The case is one of several the KSL Investigators followed after first reporting on the unintended consequences of the new law.
Utah Supreme Court arguments
During arguments before the Utah Supreme Court in May 2023, Assistant Attorney General Andrew Peterson argued Clara was not acting in self-defense, while defense attorney Ann Taliaferro argued Clara had acted reasonably given the circumstances.
Investigators never determined who was driving the truck, but Clara faced felony firearm charges for shooting at it. Clara said he saw brake lights and feared the driver was turning around to come after him and his passenger again.
“I was just aiming to let him know, if you come back this way, you know, you’re going to get shot,” Clara testified during his justification hearing in November 2021.

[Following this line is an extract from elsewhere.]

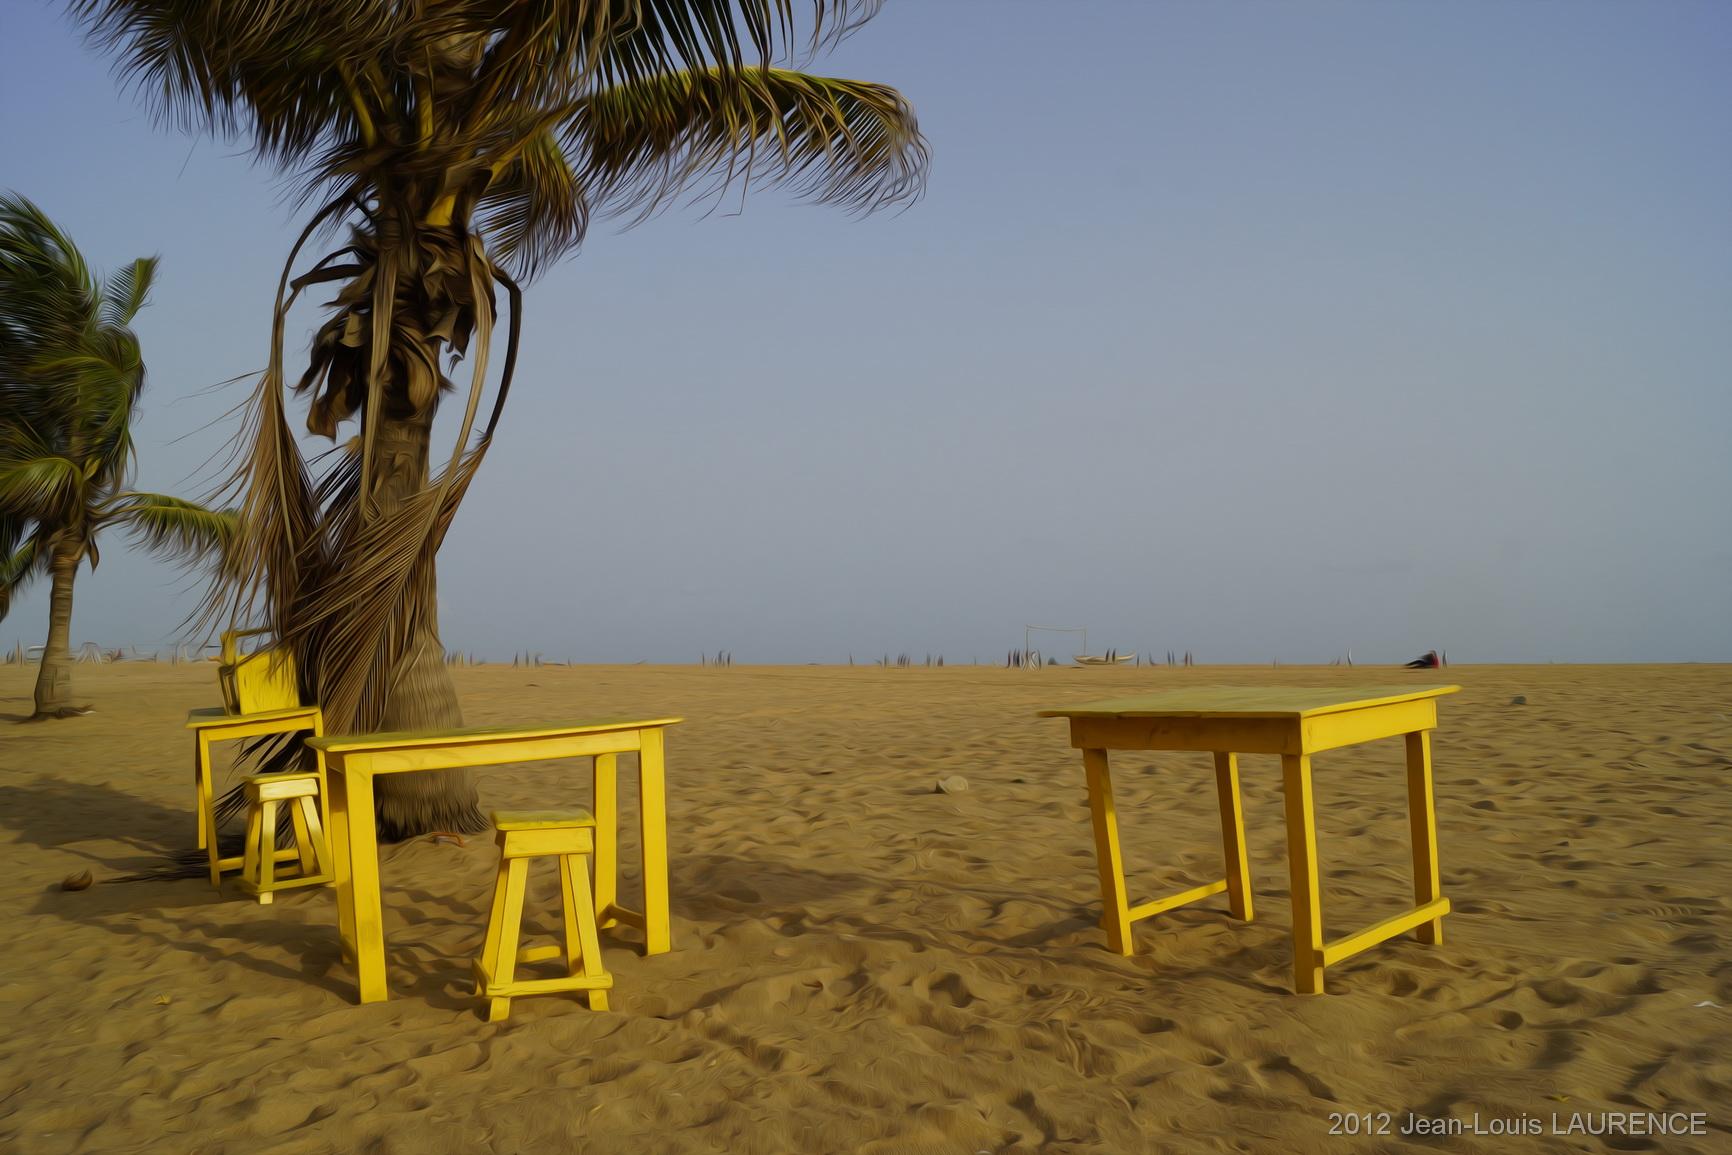 Le bar, c'est la plage. Cotonou Bénin

“I think this is like every other case that this court and the court of appeals have reviewed where somebody vindictively shot somebody in the back under a theory of, ‘I’m going to do him before he does me,’ or some species of that or based on previous threats,” Peterson said during oral arguments before the court last year. “Previous threats are never enough. This court’s case law is very clear about that.”
“The fact that he may have been shooting and he missed, or he was just shooting to warn them off or to stop the truck from coming back – I think that’s still absolutely justified,” countered Taliaferro.
Unintended consequences
In addition to questions about Clara’s case, some justices asked general questions about procedure under the new law and several questions about a scenario in which there is no witness to a murder, the suspect submits a claim of self-defense under the new law, but refuses to testify, which is within their Fifth Amendment right.
Justice Diana Hagen said that scenario represents a potential unintended consequence of HB227.
“I don’t know what the legislature intended,” Hagen said, “but it seems like this could be a consequence, whether intended or not.”
“I think that would make a great movie or crime novel,” Peterson said of the scenario, “I don’t think it’s likely to be a common problem.”
Justice Paige Petersen then shared that the facts in the hypothetical Utah scenario are those of a real case in Florida, challenged under the statute that Utah’s self-defense law is modeled after.
“We have that in Jefferson v. State in Florida,” Petersen said. “It’s the exact hypothetical I gave. The defendant gave a story about why he stabbed his roommate. The state had no evidence about what happened in the apartment. And so just based on his story, case dismissed.”
‘Extreme danger’
In its opinion affirming the lower court’s decision to dismiss the charges against Clara, the Utah Supreme Court addressed the stray bullet that endangered an uninvolved nearby family.
“In describing the facts of this case, the State emphasizes that Clara put a young girl and her family in extreme danger when he fired seven shots up 900 West. None of the bullets hit the snowplow that rammed Clara’s SUV. But one of the shots hit a pickup truck carrying three people who had nothing to do with the incident, and the bullet narrowly missed a young girl’s head. This was what drew police officers to the scene in the first place,” wrote Petersen, who authored the opinion.
The statement continued, “We agree that Clara’s stray bullet endangered the girl and her family. But these facts are not part of our analysis on appeal, not because they are not serious, but because the State has not raised an issue before us involving Clara’s endangerment of the three uninvolved passersby.”
Petersen wrote that the court’s opinion is not intended to minimize the seriousness of the family’s experience.
After consideration of the arguments, the Utah Supreme Court agreed with the district court that Clara “presented evidence showing a reasonable belief that the snowplow posed an imminent threat of death or serious bodily injury to him and his passenger.”